The interface is fairly snazzy, though it’s clearly adapted from another game. There’s a picture of an ancient-looking water jug at the start of the game that has absolutely nothing to do with anything that happens in the story. Each character, amusingly enough, has a hit-point counter, even though there isn’t a shred of combat or anything approaching combat in Little Billy. Well, actually there is, but it happens offstage — Billy must have gotten the drop on his combatants, because he’s obviously just a 1st level Schoolkid (chaotic good, of course) with a mere 10 hit points. His dad, on the other hand, has a whopping 54 hit points, which must make him a 6th or 7th level Cleric. He apparently got all his combat experience beating Little Billy to within a hit point of his life. Oh well, enough silliness. Making up stuff like that was the most fun I had with the game, but I can have that kind of fun without any comp game at all.

Rating: 2.5

Desert Heat by Papillon [Comp00]

IFDB page: Desert Heat
Final placement: 28th place (of 53) in the 2000 Interactive Fiction Competition

Playing Desert Heat made me realize something. In the first five years of the IF Competition, I don’t think a single “true” Choose-Your-Own-Adventure style branching narrative has been entered. Sure, we had Human Resources Stories, but despite its title, that game had no story — it was just a weird quiz. We also had Life On Beal Street, but that game didn’t really offer any choices, unless you count “quit” and “don’t quit” as legitimate story branches, which I don’t. So along comes Desert Heat, a true CYOA story, forcing me to decide what I think about such a format for a comp game.

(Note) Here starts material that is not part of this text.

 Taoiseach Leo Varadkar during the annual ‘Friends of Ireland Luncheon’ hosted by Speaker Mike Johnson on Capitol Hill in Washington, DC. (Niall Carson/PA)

Here’s what I ended up with: I have nothing against CYOA; in fact I like it, and nurture fond childhood memories of CYOA books by the likes of Edward Packard, R.A. Montgomery, and the amusingly pen-named D. Terman [Which turns out not to be a pen name at all. Guy was actually named Douglas Terman. — 2020 Paul]. However, in an interactive fiction competition where its competitors boast full-blown parsers, maps, and the like, it just doesn’t feel very interactive. Desert Heat does an excellent job of presenting its milieu, but I kept wishing for many more choices than the story offers.

Perhaps part of the problem is that the game’s narrative doesn’t actually offer that many real options. Most of the branches aren’t branches at all. Instead, they generally do one of three things: one, they reveal themselves to be dead ends, forcing you back to a previous node; two, they only offer the illusion of choice, because every option leads to the same node; or three, they result in an abrupt ending. Endings are plentiful in Desert Heat, but branches aren’t, and that probably accentuated the feeling of restriction I was already experiencing as a result of dropping from the wide-open ambiance of a text adventure into the more streamlined mode of CYOA. Consequently, I found that I was having less fun with Desert Heat than I had with the good parser games I’ve played so far, though to be fair I did find it more fun than the bad parser games, so format isn’t the only thing at work here.

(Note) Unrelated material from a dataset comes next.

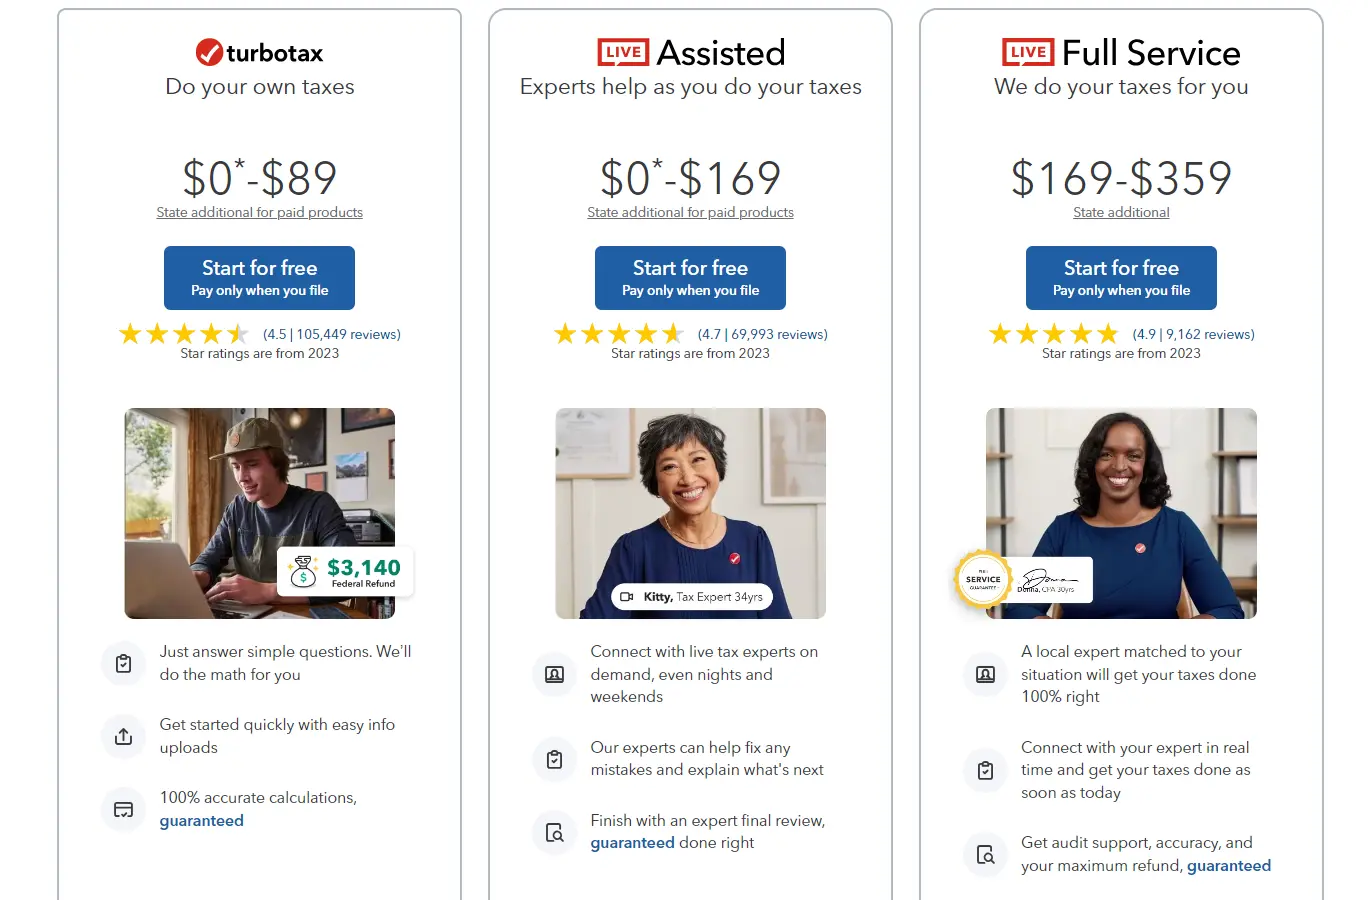 pricing and plans of turbotax

The other unique thing about DH is its genre. It calls itself “A Romance Of Sorts”, and because I’m not a reader of romances, I couldn’t say how closely it hews to the conventions of that genre. I can say that it was written well, proofread well, and programmed well (though the programming chores are obviously more minimal when it comes to CYOA, and the author apparently had help from Mark Musante’s CYOA library for TADS). The Arabic, desert milieu is one I haven’t seen very often at all in IF (the only other one I can bring to mind is a section of TimeQuest), and it feels fresh and interesting. The characters are believable, the intrigue plausible, and there are even some quite subtle moments of humor. (Read the descriptions closely if you ask one of the characters to dance.)

As the author’s warning suggests, there are some sexual scenes available, and in fact the options to include or exclude these scenes represent some of the most significant choices available in the game. Again, I’m not sure what the conventions of the genre are when it comes to this kind of scene — some of them made me a little queasy, but I only encountered these when I was systematically going through the game looking for text I had missed (the inclusion of “undo” was much appreciated.) They didn’t appear in my first few plays through the game, which probably says something about how I tend to play a character.

In the end, while I appreciated Desert Heat for its experimentation with an untried format for comp games, and while I enjoyed its presentation of an unusual setting, I just couldn’t get very into the story. This is no doubt partly just because romances like this aren’t really my cup of tea — I’d never seek one out for pleasure reading. Also, there are some continuity slips in the game, highlighting the fact that although CYOA takes the burden out of coding, it places much more stringent demands on plotting — characters shouldn’t seem surprised to discover something that was already revealed in a previous node, or by contrast claim knowledge of something that hasn’t been revealed yet in this particular narrative trajectory, and those things sometimes happen in Desert Heat.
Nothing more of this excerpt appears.